あわてない、急がない、押し込まない 子どもの視点に立った対策を

2020年5月22日、日本教育学会は「9月入学・始業制」に関する提言書を公表した。同提言書では、子ども達のケアの必要性も指摘している。同提言書のメンバーで、子どものケアに目を向ける日本女子大学の清水睦美教授に、「今、本当に必要な取り組み」について語っていただいた。

ストレスの根源を考える

清水 睦美

清水 睦美

日本女子大学教授
東京大学大学院教育学研究科博士課程修了、博士(教育学)。専門は、学校臨床学、教育社会学、移民の子どもに関する研究に取り組む。2020年2月には、東日本大震災の被災学校を中心とする8年に及ぶフィールドワークをまとめた『震災と学校のエスノグラフィー』(勁草書房)を共著で刊行している。

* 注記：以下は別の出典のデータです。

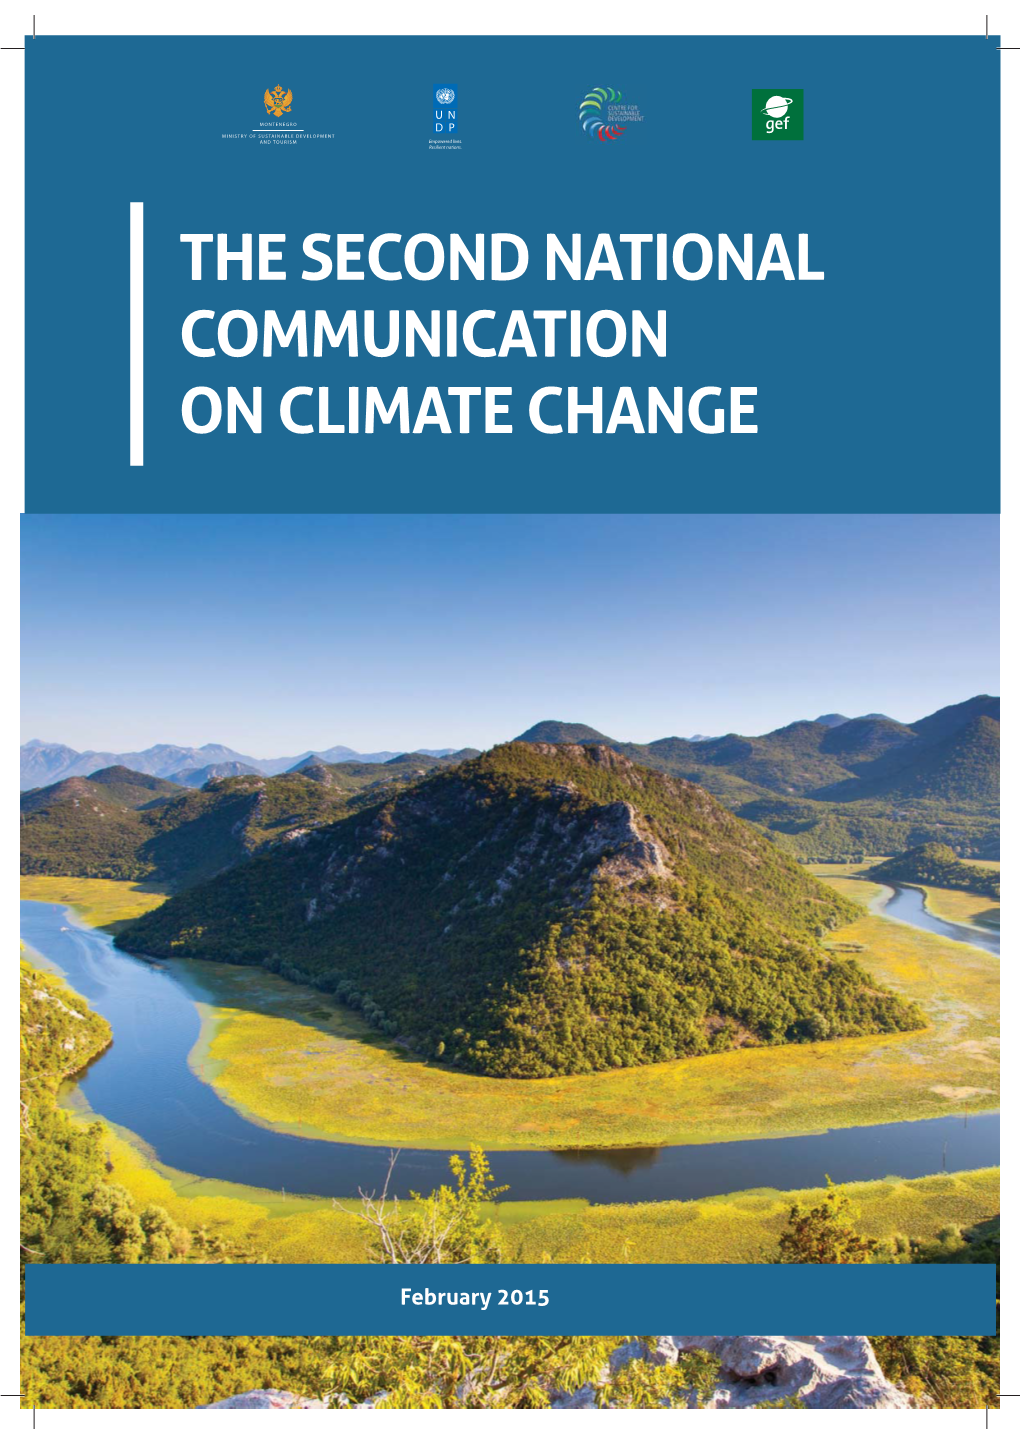 The Second National Communication on Climate Change

学校再開にあたり、長期間の休校や外出自粛による子どものストレスを考える場合、その根源となっている原因を見つめる必要があります。第一に今回の休校は2月27日に安倍首相の唐突な臨時休校要請によって、突然行なわれたものだという事実があります。つまり「なぜ休校しなければならないのか」、学校や教師、大人たちによって意味づけがなされないまま、休校となったわけです。

子どもたちは、学校という場で生活のほとんどを過ごしています。自分たちのいる場所が、突然、自分たちに何の選択権もないまま奪われる…

(※全文:2782文字 画像:あり)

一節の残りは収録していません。